Saturday, March 3, 2012

Data "Analysis" in Python

I'm catching up with some Twitter feeds and other information on the internet about the PyData Workshop

There is a big effort in the Python/Numpy/SciPy community to get into the "Big Data" and data processing market.

Even the creator of Python was at the workshop and took not of it.

Guido van Rossum  -  Yesterday 9:05 PM  -  Public
Pandas: a data analysis library for Python, poised to give R a run for its money

I think Python is well suited for this, Python in combination with numpy and scipy has been for 4 years my favorite language for coding for statistics and econometrics. I have been working for several years now on improving "Statistics in Python", both in scipy.stats and statsmodels.

Since the PyData Workshop didn't include anything about statistics or econometrics, it looks like my view is a bit out of mainstream. The blogoshpere is awash with articles about what's hype and what's reality behind BIG DATA. (I don't find the links to the articles I liked, but SAS might have a realistic view Is big data overhyped )

However, what came to my mind reading the buzz surrounding the PyData Workshop is more personal and specific to software developement in Python.

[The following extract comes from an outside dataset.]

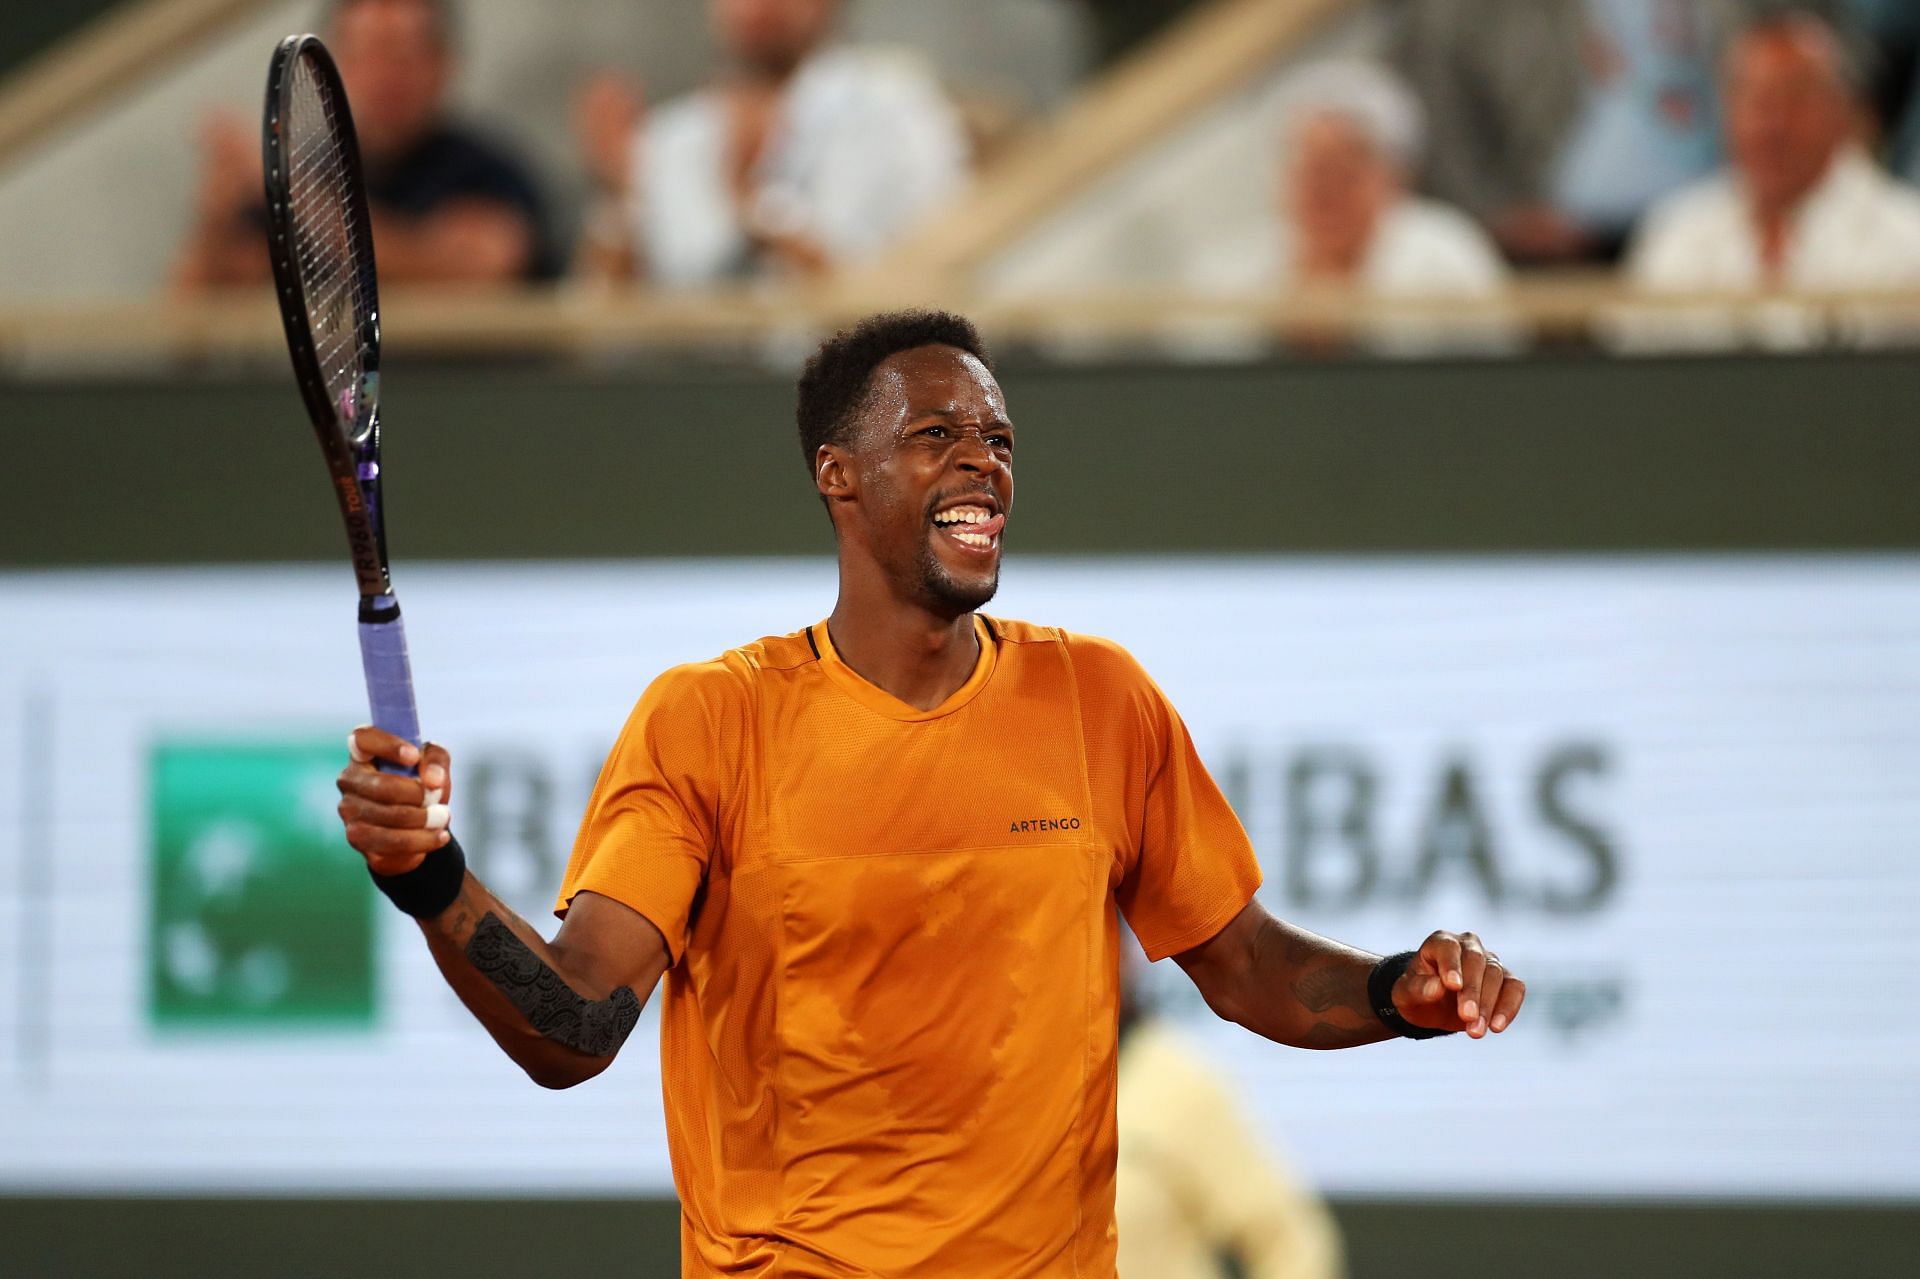 Gael Monfils defeated Sebastian Baez in the first round of the 2023 French Open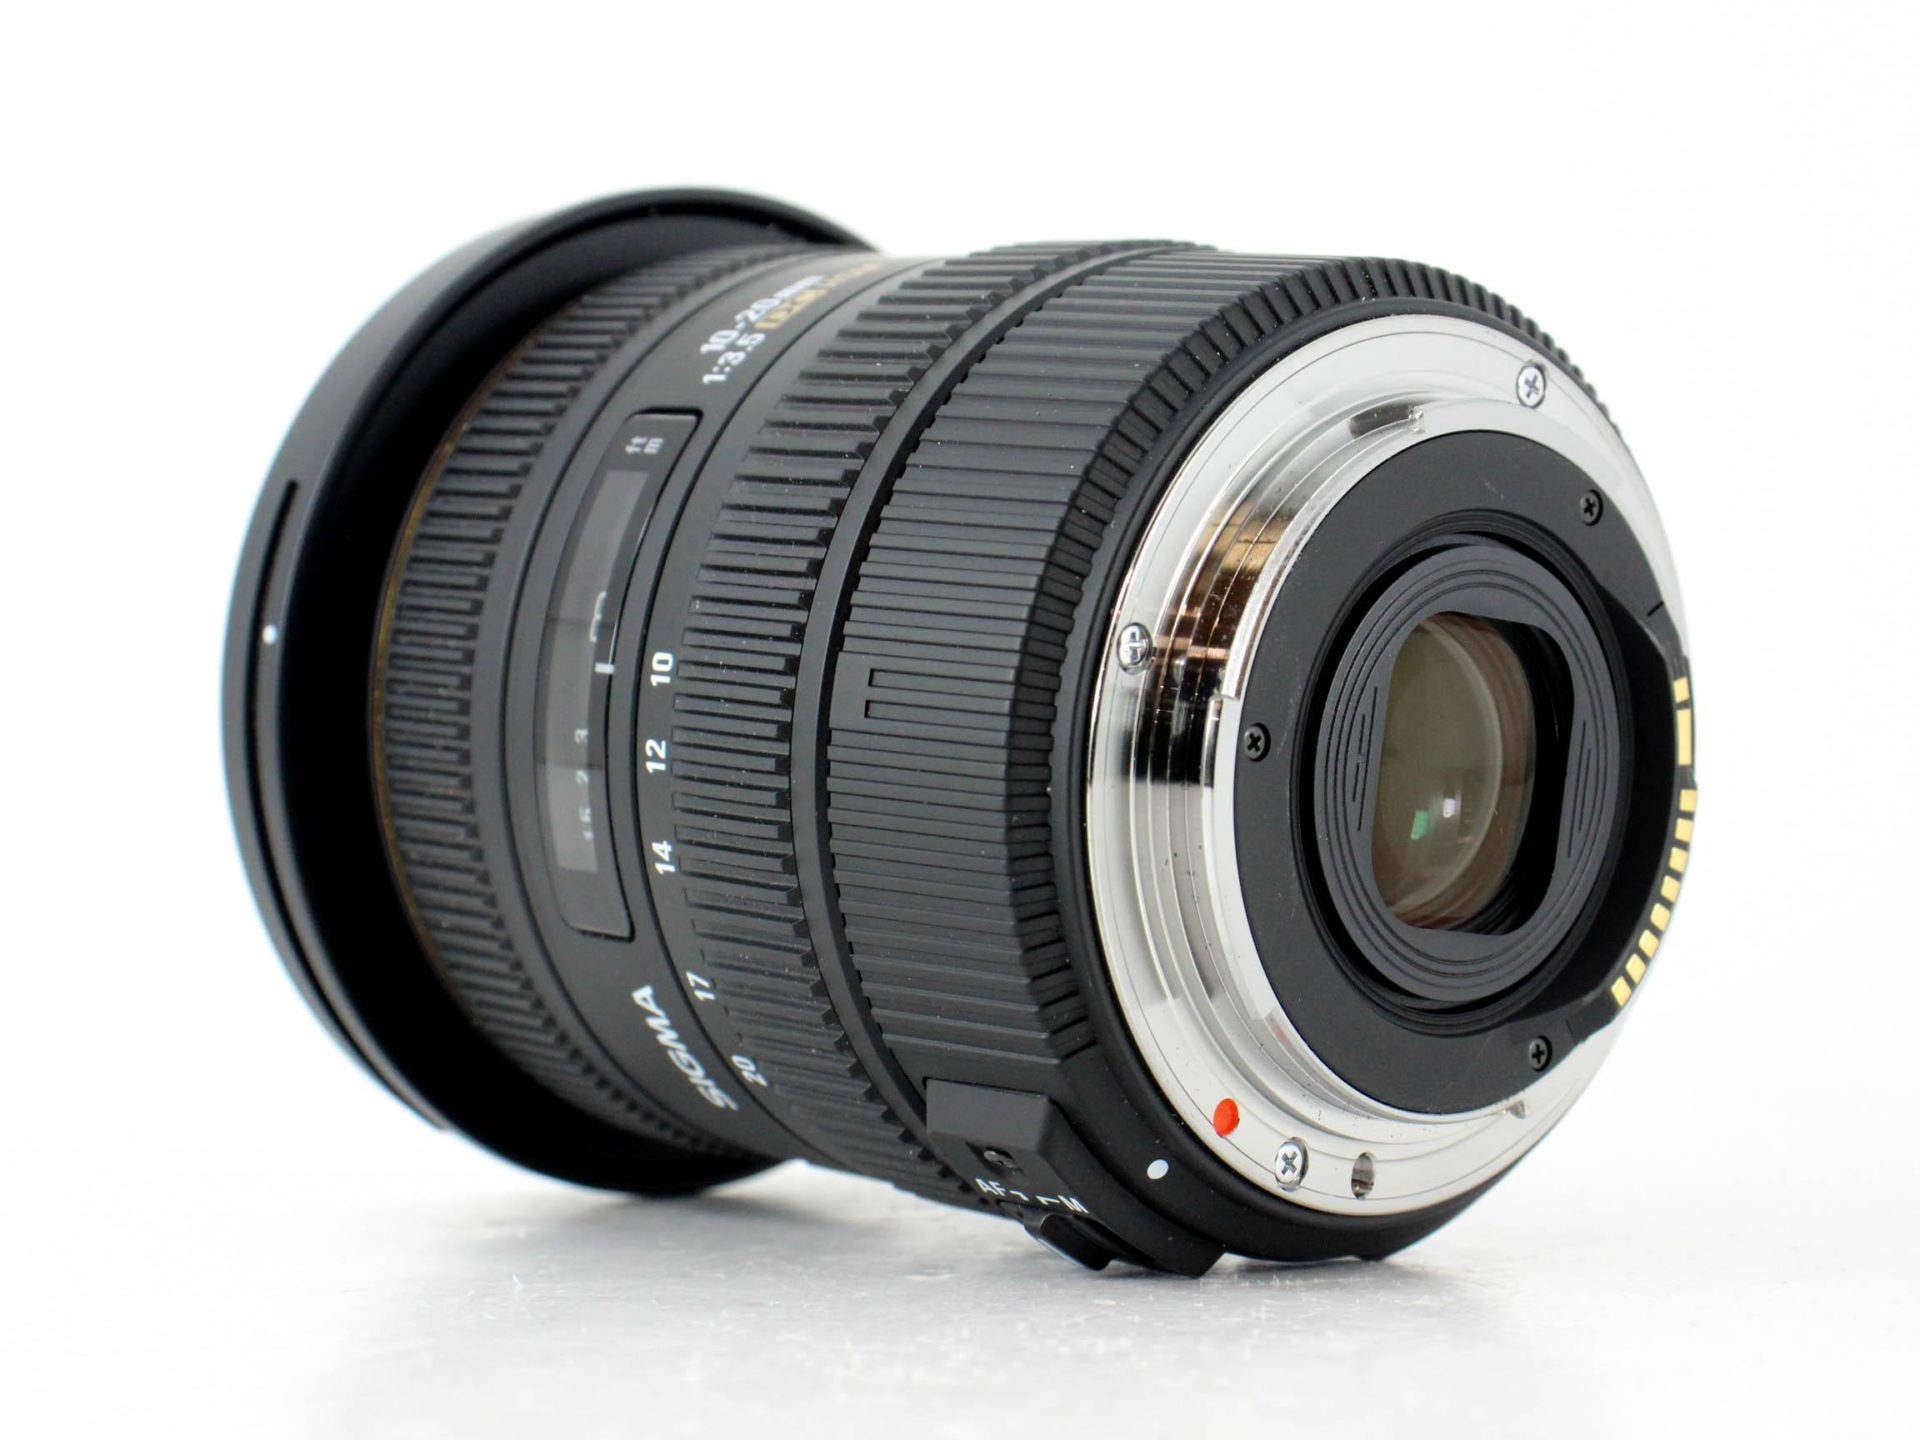 Sigma 10-20mm f/3.5 EX DC HSM Canon EF-S Lens - Lenses and Cameras

My first thoughts can be roughly summarized with

You know that you are out of date, if

  • you like mailing lists. [1]
  • you signed up for Twitter and never posted anything.
  • you signed up for Google plus and never posted anything.
  • you read the Twitter feed of others once a month.
  • you don't even know how to link to a Twitter message.

You know you don't do the popular things, if

  • you spend two days checking the numerical accuracy of your algorithm for a case with bad data instead of trying to calculate it in the cloud.
  • you spend a week writing test cases verifying your code against other packages, instead of waiting for the bug reports from users.
  • you spend your time figuring out skew, kurtosis and fat tails, and everyone thinks the world is normal, (normally distributed, that is).
  • you think you can to "fancy" econometrics in Python, when users can just use STATA.
  • you think you can to "fancy" statistics in Python, when users can just use R.
  • you think "Data Analysis" requires statistics and econometrics.

You know you are missing the boat (or the point), if

  • "all the best and brightest in the scipy/numpy community are doing a startup" [2], and you are not among them.
  • you are looking for your business plan, and you realize you never came up with one.
  • the "community" of your open source project consists mostly of two developers.
[2]from this feed

1 comment:

  1. Joe, heads up!
    It is your work that got me started with python and statistics, and I am using it for a course at university now. And I might be wrong : but I think that R as a programing language is ugly enough that python will catch on for statistics applications.
    Keep up your good work - people like me are Very grateful!